As the People acknowledged in Pelayo, the Legislature, in enacting the amendments to section 4019, did not expressly declare its intent in doing so. The appellant in Pelayo asserted that an intent to retroactively apply the amendments can be discerned from the statement that Senate Bill 18 was enacted to “address[] the fiscal emergency declared by the Governor” (Sen. Bill 18, § 62) and that earlier release of prisoners would foster that purpose. However, the legislative intent at issue “is not the motivation for the legislation” but rather “the Legislature’s intent concerning whether the [enactment] should apply prospectively only.” (Nasalga, supra, 12 Cal.4th at p. 795). The statute’s purpose of saving state funds by reducing prison population while at the same time minimizing security risk is at least as consistent with retroactive as with prospective application of the amendments to section 4019.

The appellant in Pelayo also contended that the express use of a saving clause in other statutes amended by the same legislation (Sen. Bill 18, § 41; § 2933.3, subd. (d) [providing additional custody credits for prison inmate firefighting training or service only for those eligible after July 1, 2009]) compels a conclusion that the Legislature intended retroactivity for amended section 4019. The Legislature’s inclusion of a saving clause in the amendment to section 2933.3, but not in the amendments to section 4019, supports an inference that the Legislature had a different intent with respect to the retroactive or prospective application of the two provisions. (Cf. Fairbanks v. Superior Court (2009) 46 Cal.4th 56, 62 [“use of differing language in otherwise parallel provisions supports an inference that a difference in meaning was intended”].) The People urged that we could divine a contrary legislative purpose for only prospective application from the fact that the amendment to section 2933.3, subdivision (d) was expressly made partially retroactive, and the Legislature failed to do so here.
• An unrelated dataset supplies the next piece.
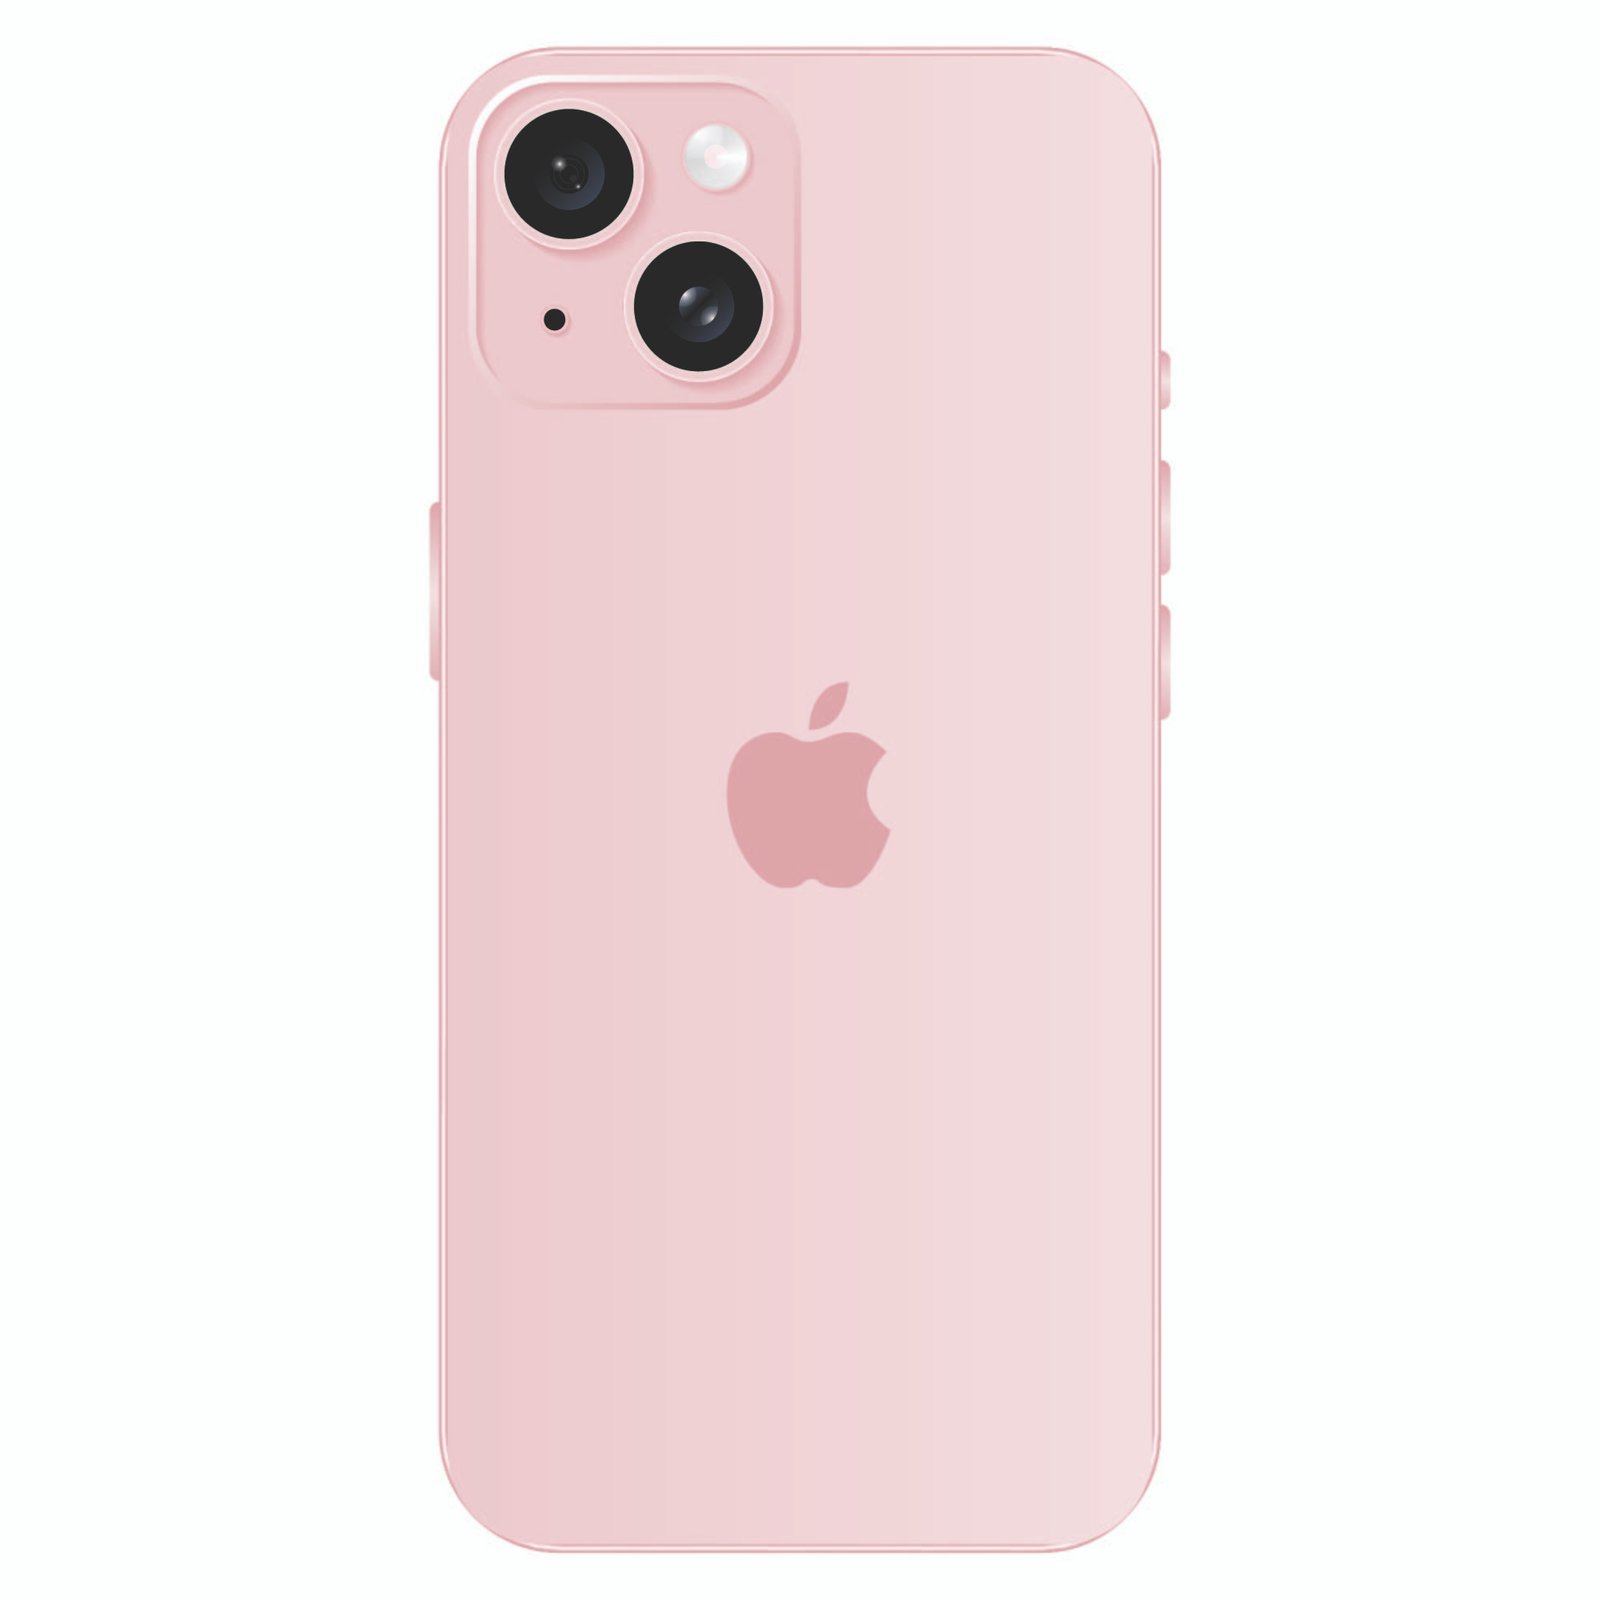 iPhone 15 Case

We think that the Legislature’s use of the phrase “shall only apply” in amending section 2933.3 (italics added), however, suggests an intent to limit the provision’s retroactive application, rather than extend the provision’s otherwise prospective application retroactively.

“The credits authorized in subdivisions (b) and (c) shall only apply to inmates who are eligible after July 1, 2009.” (Stats. 2009–2010, 3d Ex. Sess. 2009, ch. 28, § 41.)

The appellant in Pelayo further argued that we could look to the Legislature’s explicit recognition of inevitable delays in implementation of new custody credit calculations by the Department of Corrections and Rehabilitation (Sen. Bill 18, § 59) as evidence that the Legislature contemplated retroactive application of such credits. Section 59, an uncodified provision of Senate Bill 18, provides: “The Department of Corrections and Rehabilitation shall implement the changes made by this act regarding time credits in a reasonable time. However, in light of limited case management resources, it is expected that there will be some delays in determining the amount of additional time credits to be granted against inmate sentences resulting from the changes in law pursuant to this act. An inmate shall have no cause of action or claim for damages because of any additional time spent in custody due to reasonable delays in implementing the changes in the credit provisions of this act. However, to the extent that excess days in state prison due to delays in implementing this act are identified, they shall be considered as time spent on parole, if any parole period is applicable.” (Stats. 2009–2010, 3d Ex. Sess. 2009, ch. 28, § 59.) While ambiguous, this section does tend to support an inference that the Legislative intended the provisions affecting custody credits to have retroactive effect.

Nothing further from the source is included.